The data sets might be locally managed as files in a file management system, possibly supported by a local metadatabase, or managed in a relational database management system. For participating in the CDI service, it is required that data sets aredelivered to users via the CDI system in standard SeaDataNet Data Transport Formats. This implies that a data centre, in case of a file management system configuration, must arrange that the data files are also available in the SeaDataNet formats. This might require pre-processing via a conversion routine. SeaDataNet provides useful software tools for that purpose:
- NEMO software for converting from any kind of ASCII format to the SeaDataNet ODV4 ASCII format and new SeaDataNet NetCDF (CF) format
- OCTOPUS software for splitting and conversion of SeaDataNet files
In case of a relational database management system it might not be needed to arrange pre-processed files in the SeaDataNet formats, because the Replication Manager software includes functionality to generate the requested data files in the SeaDataNet data formats, while MIKADO is used for the CDI metadata generation.

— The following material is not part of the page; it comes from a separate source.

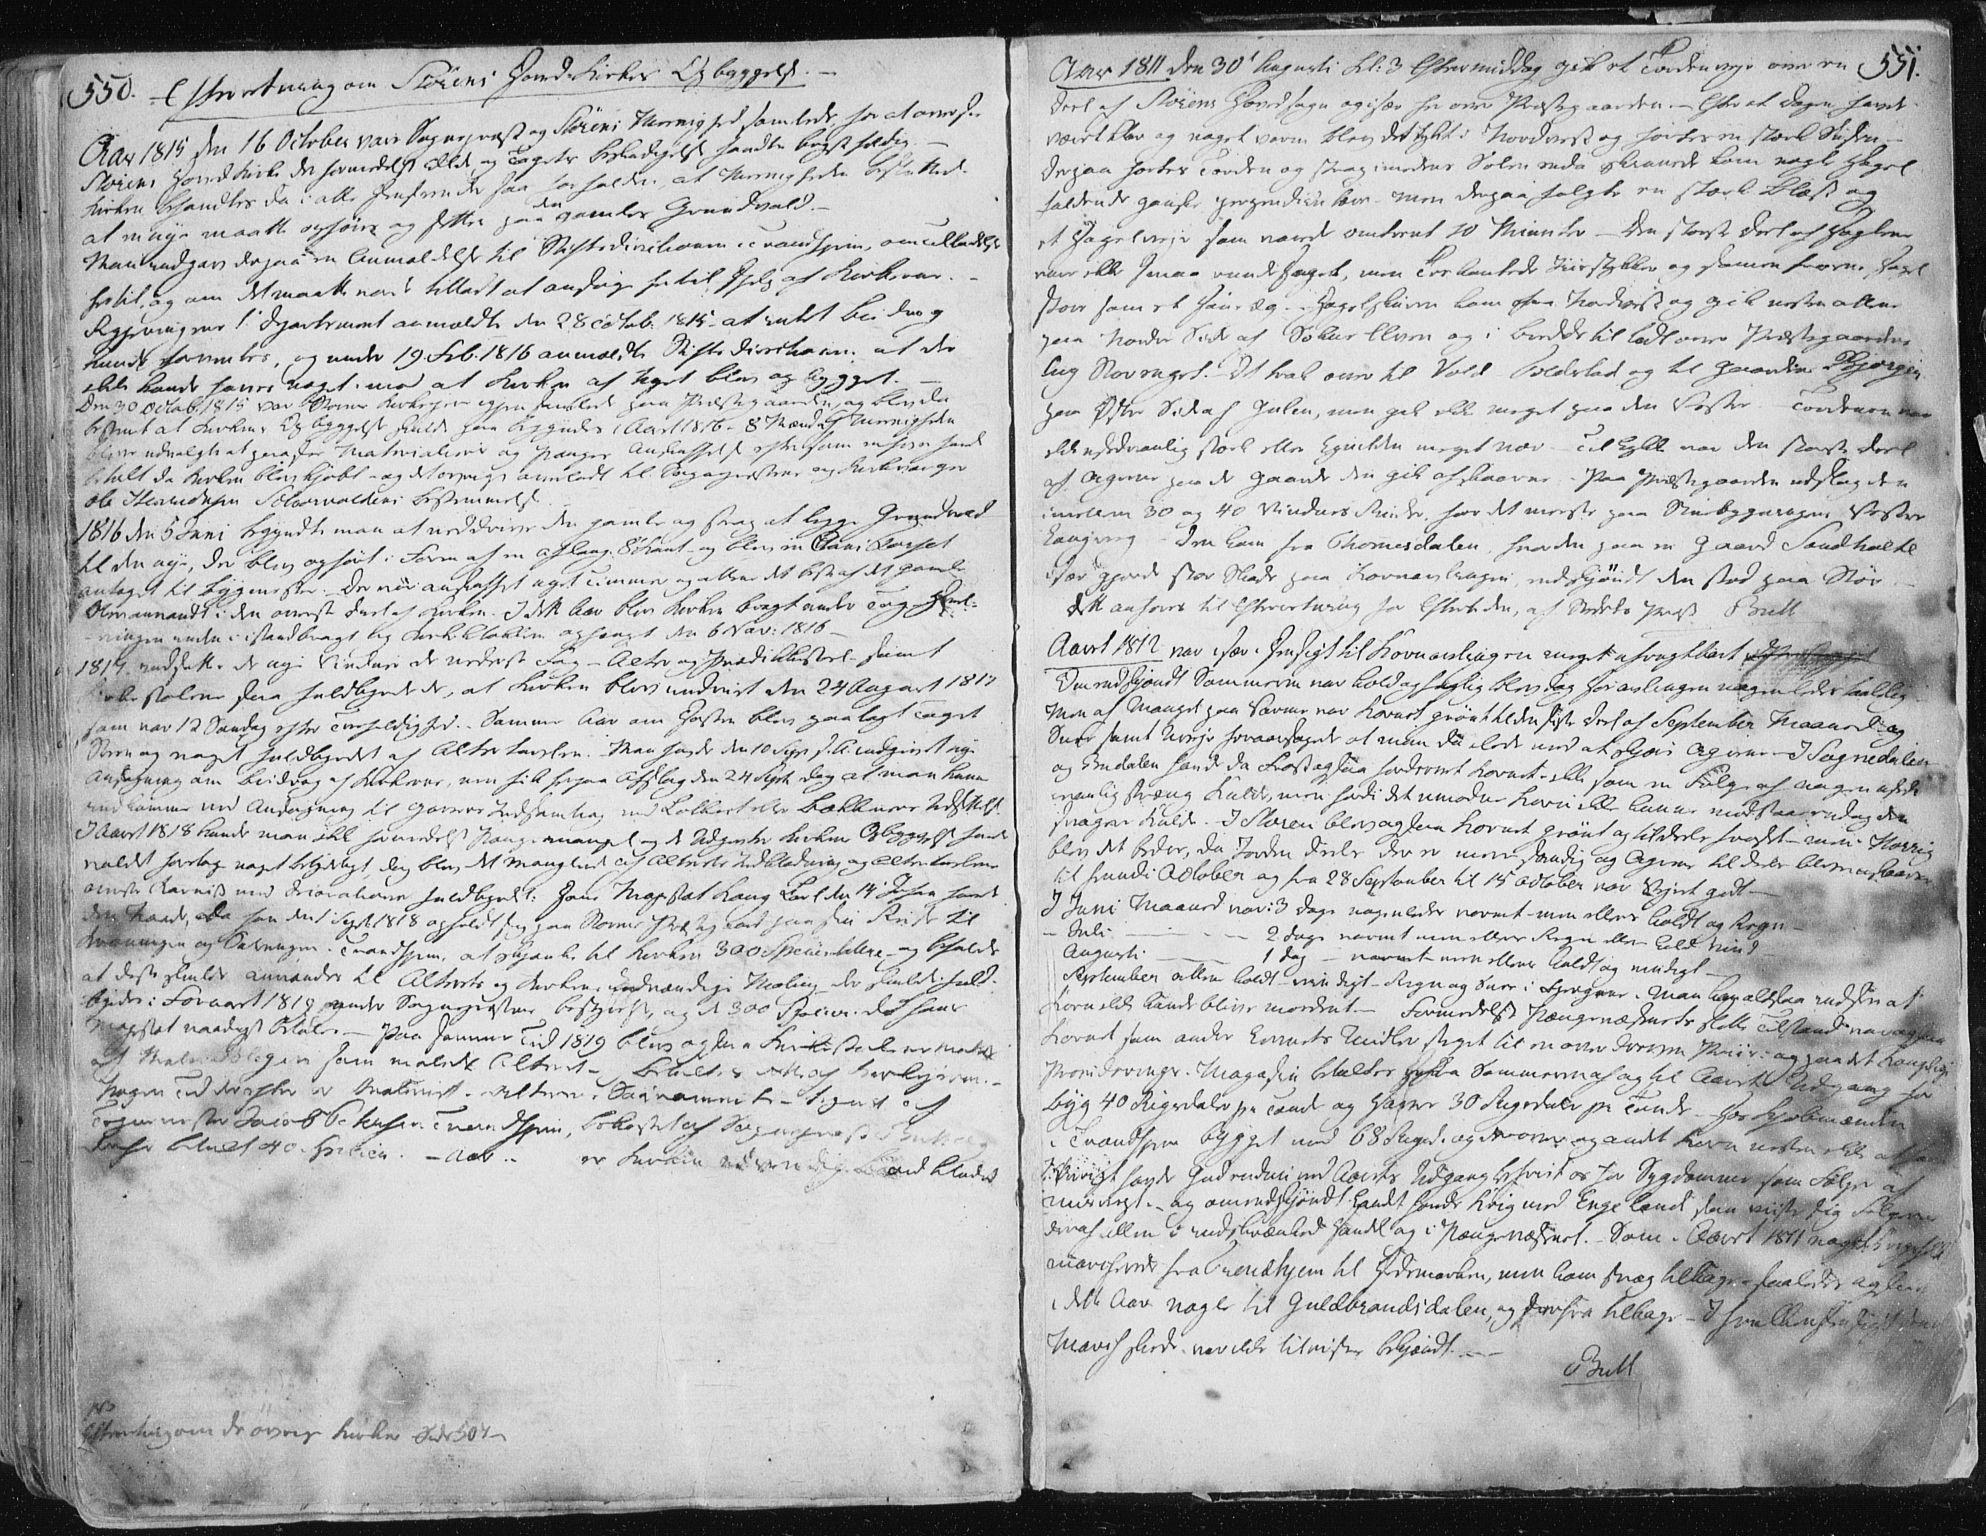 SAT, Ministerialprotokoller, klokkerbøker og fødselsregistre - Sør-Trøndelag, 687/L0992: Ministerialbok nr. 687A03 /1, 1788-1815, s. 550-551

However, in case of an Interim solution and a relational dbms, the data centre itself has to set up a solution, making use of NEMO and OCTOPUS and its local system.
In both situations, full and Interim, a number of configuration parameters have to be agreed and set at the system of the data centre and at the SeaDataNet portal. Therefore it is recommended that new data centres contact the CDI system coordinator MARIS for detailed instructions and documentation. MARIS will then provide guidance and validate the initial process of getting connected.